2020 saw one of the worst fire seasons in history – burning millions of acres along the west coast. In February of 2021, ice storms in Texas left millions without power or safe water to drink. In March of this year, a tornado outbreak caused widespread damage to several southern states.
And in my home state of Florida, we are certainly no stranger to intense weather events. Just last year, Hurricane Sally flooded Florida’s Panhandle – dropping four months of rain in just four hours. And in 2018, Hurricane Michael, that devastated Florida’s Gulf Coast, was the first Category 5 hurricane to make landfall in mainland U.S. since 1992.
As we move through the second week of Atlantic Hurricane Season, it’s important to remember that while we can’t control the weather, we can take steps to prepare. Pre-disaster mitigation efforts by individuals, policy makers, first responders, and emergency preparedness professionals ensure that no geographic region of the country is left unsupported.
Mitigation activities such as strengthening and upgrading existing infrastructure from all-hazards, raising structures in identified flood zones, buying flood insurance to protect personal property, installing hurricane shutters and other protective measures, and clearing dead vegetation to reduce the risk of wildfire all have the potential to limit the negative effects of natural disasters.
FEMA’s Hazard Mitigation Grant Program helps communities implement hazard mitigation measures following a Presidential Major Disaster Declaration, to reduce the risk of loss of life and property from future disasters.
Florida’s 2018 State Hazard Mitigation Plan highlights four goals with corresponding objectives to include:
- Implement an effective comprehensive statewide hazard mitigation plan;
- Support local and regional mitigation strategies;
- Increase public and private sector awareness and support for hazard mitigation in Florida; and
- Support mitigation initiatives and policies that protect the state’s cultural, economic, and natural resources.
These goals have been realized through recent mitigation projects. For example, the Hallandale Beach Drainage Project was recently completed using Hazard Mitigation Grant Program (HMGP) funds to address drainage issues that caused flooding throughout the city during storms. A new drainage project was also completed in Oakland Park using HMPG funds. Despite high tidal surges and high canal levels from Hurricane Irma in September 2017, no flood waters entered homes in Oakland Park communities served by the new system.

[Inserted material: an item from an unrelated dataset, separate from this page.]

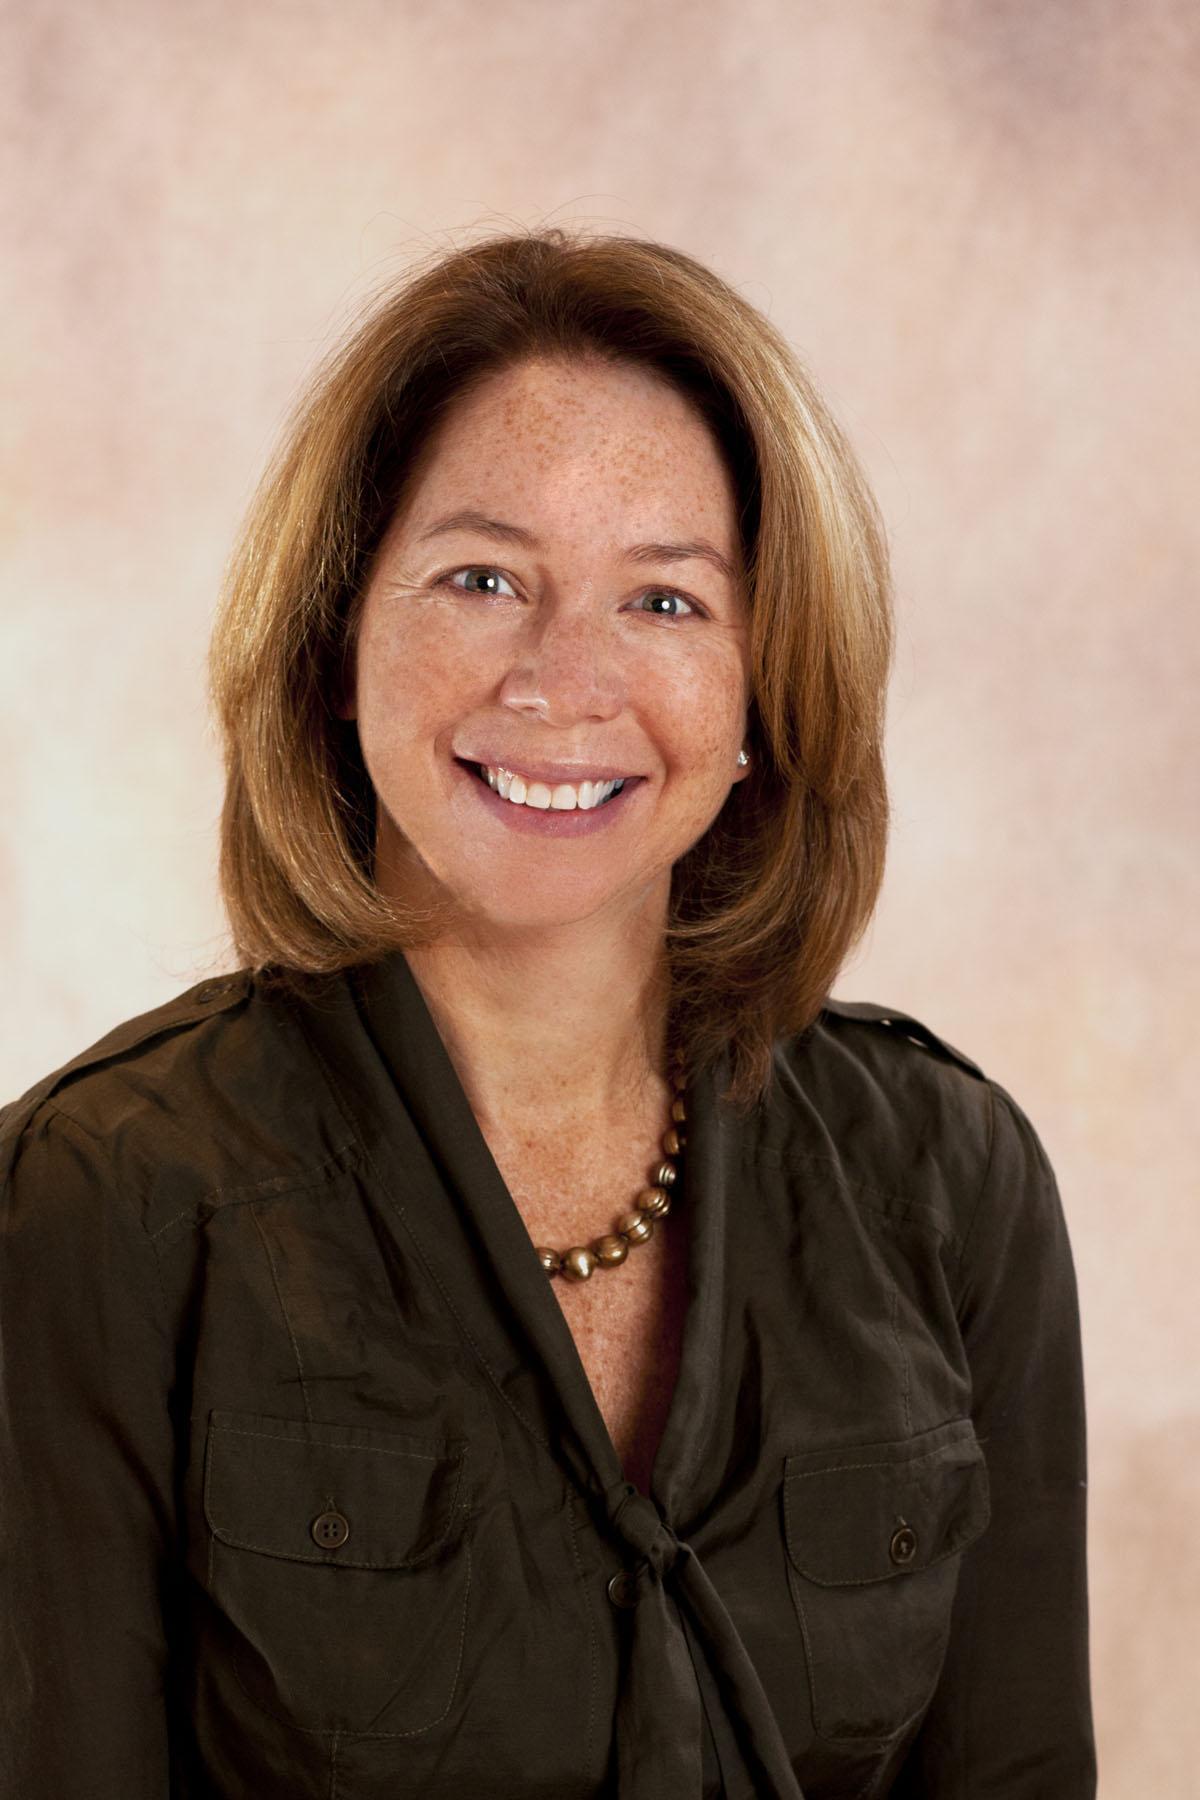 Peggy Raible

Not only do mitigation activities aim to reduce injuries, deaths, and property damage, they also have the potential to limit the economic impact of disaster recovery efforts.
A December 2019 report by the National Institute of Building Sciences found that by designing buildings to meet 2018 building code standards, the national mitigation benefit-cost ratio is $11 for every $1 invested.
The report also found that the impacts of 23 years of federal mitigation grants provided by FEMA, the Economic Development Administration, and the Department of Housing and Urban Development, result in a national benefit of $6 for every $1 invested.
Our approach to mitigation needs to shift to a pre-disaster mindset, so we are anticipating the need, and not responding after the damage is done
I am encouraged by recent changes to pre-disaster mitigation funding, including the introduction of the Building Resilient Infrastructure and Communities Grant Program (BRIC). BRIC makes additional federal funds available to states, U.S territories, Indian tribal governments, and local communities for pre-disaster mitigation activities. The FY2020 priorities for BRIC were to incentivize public infrastructure projects; projects that mitigate risk to one or more community lifelines; projects that incorporate nature-based solutions; and the adoption and enforcement of the latest published editions of building codes.
As we’ve hardened and continue to harden our defenses against a potential terrorist attack, we must also be prepared for the devastating effects of a severe weather event.
The reality is that natural disasters have always occurred and will continue to occur. We should use every disaster as an opportunity to learn and improve our mitigation capabilities and strategies to decrease loss of life and damage to our homes and infrastructure, and to lessen the economic strain that disasters present.
I look forward to hearing from our witnesses today on how to continue to improve our preparedness and resilience in the face of the unpredictable nature of disasters and all-hazard emergencies.